Somit bekommt der Teich eine Max. Länge von ca. 6,40m und eine Max Breite von ca. 5,60m.

Das graue um den Teich soll erst eimal mit dem Aushub angefüllt werden. So kommen wir dann auf Terrassenhöhe.

Wenn ich nun erst einmal von 1,80m tiefe ausgehe, komme ich bei einem Rechteck mit Steilen Wänden auf ca. 64,5m³ .

Was meint ihr, wie viel muss ich da wohl für die Rundungen und die zwangsläufig etwas schrägen Wände abziehen 

Gibt es dafür eine Faustformel


----------



## mitch (3. Mai 2009)

*AW: Letzte Vergrößerung im Okt. 2009*

hallo olaf,

na hast du das grabgrät schon vorgelüht 

ja diese langwierigen regierungsverhandlungen kenn ich auch  :beeten :__ nase  :crazy :smoki   .

aber wo ein wille da ist auch ein weg


----------



## Olli.P (3. Mai 2009)

*AW: Letzte Vergrößerung im Okt. 2009*

Hi Mitch,

alles in Arbeit...

Aber ich hab ja noch ein bisschen Zeit mich mental darauf vorzubereiten......


----------



## Koi-Uwe (3. Mai 2009)

*AW: Letzte Vergrößerung im Okt. 2009*



mitch schrieb:


> aber wo ein wille da ist auch ein weg



So So Mitch, also doch jetzt volle Pulle ?  So wie am Telefon beschnackt


----------



## Olli.P (10. Juli 2009)

*AW: Letzte Vergrößerung im Okt. 2009 haben wir vorgezogen*

Hi Leute,

wir hatten hier bei uns schon den Oktober..... 

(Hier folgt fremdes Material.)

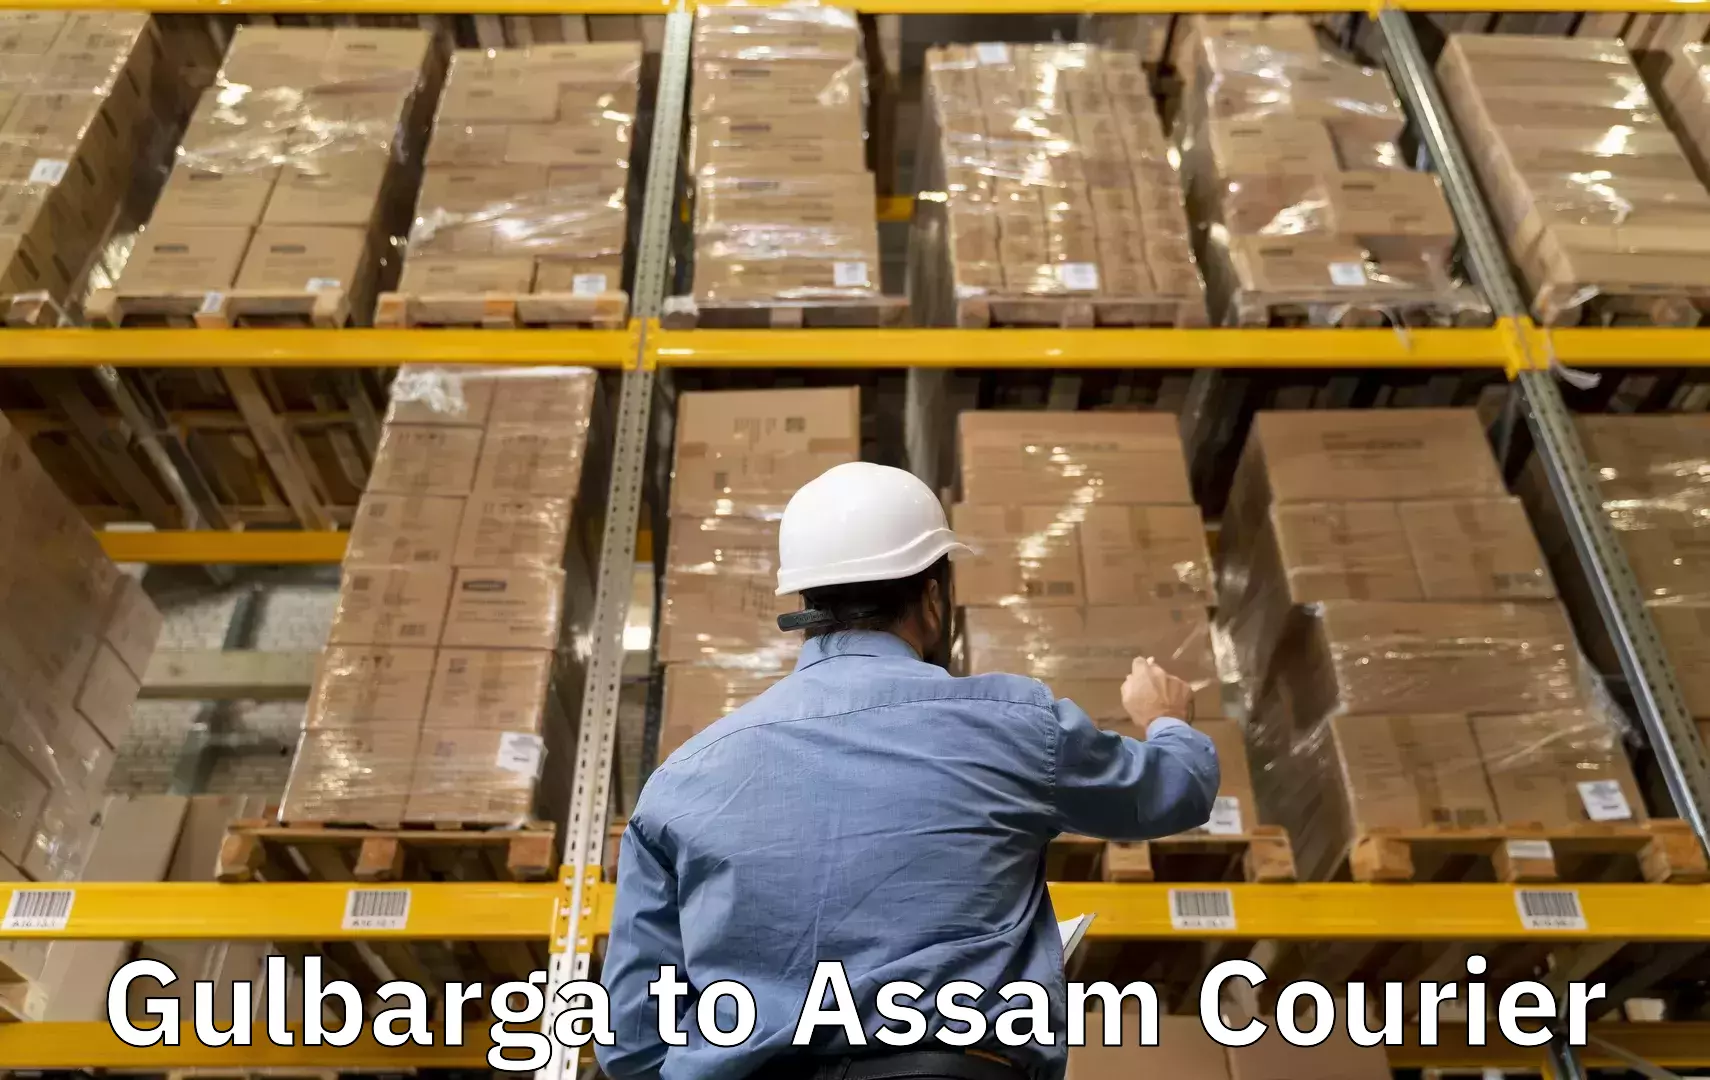 Luggage transport company Gulbarga to Baksha Bodoland

Die Rasenkanten für das Umfeld liegen   
die Grasnarbe ist abgetragen... 

Der Pool ist aufgestellt, um zu Prüfen ob er Luft verliert.... 

Die Kantensteine sind gesetzt..... 

Wasser raus........ 

Das alte Teichloch....... 

Nochmal vom Balkon aus..... 

Das Vlies und BA sind ausgebaut, der Chef bestimmt die End tiefe....... 

Der große schreck beim Buddeln. Ein Koi springt auf den Poolrand und schneidet mit (ich glaube einem Afterflossenstrahl) den oberen Poolring auf.
700L Wasser weg........  
Das kommt dabei raus wenn man einen alten Pool nimmt der schon 3 Kinder überstanden hat. Schnell neuen Pool kaufen 
Nö  geht nicht der einzige Schattenplatz ist ja schon belegt und selbst hier erwärmt sich das Wasser in null Komma nix auf ca. 33°.......... :crazy


Das muss noch an Erde weg und auf Tiefe gebracht werden...... 

Während ich auf der Arbeit war, haben *gute* freunde für mich gegraben. 
An dieser Stelle nochmal einen recht herzlichen Dank an Sven und Ivi. Als ich von der Arbeit wieder da war war keine Zeit für Bilder 
Denn ich musste geschwind den BA und Skimmerflansch einbauen. Denn ab 16.00 Uhr waren die Helfer für's Folie verlegen bestellt.

Das Wasser ist schon im Teich. Denn das Ziel war, das der Filter der über den 4500L Pflanzenteich weiter gelaufen ist, wieder mit dem Teich zu verbinden.... 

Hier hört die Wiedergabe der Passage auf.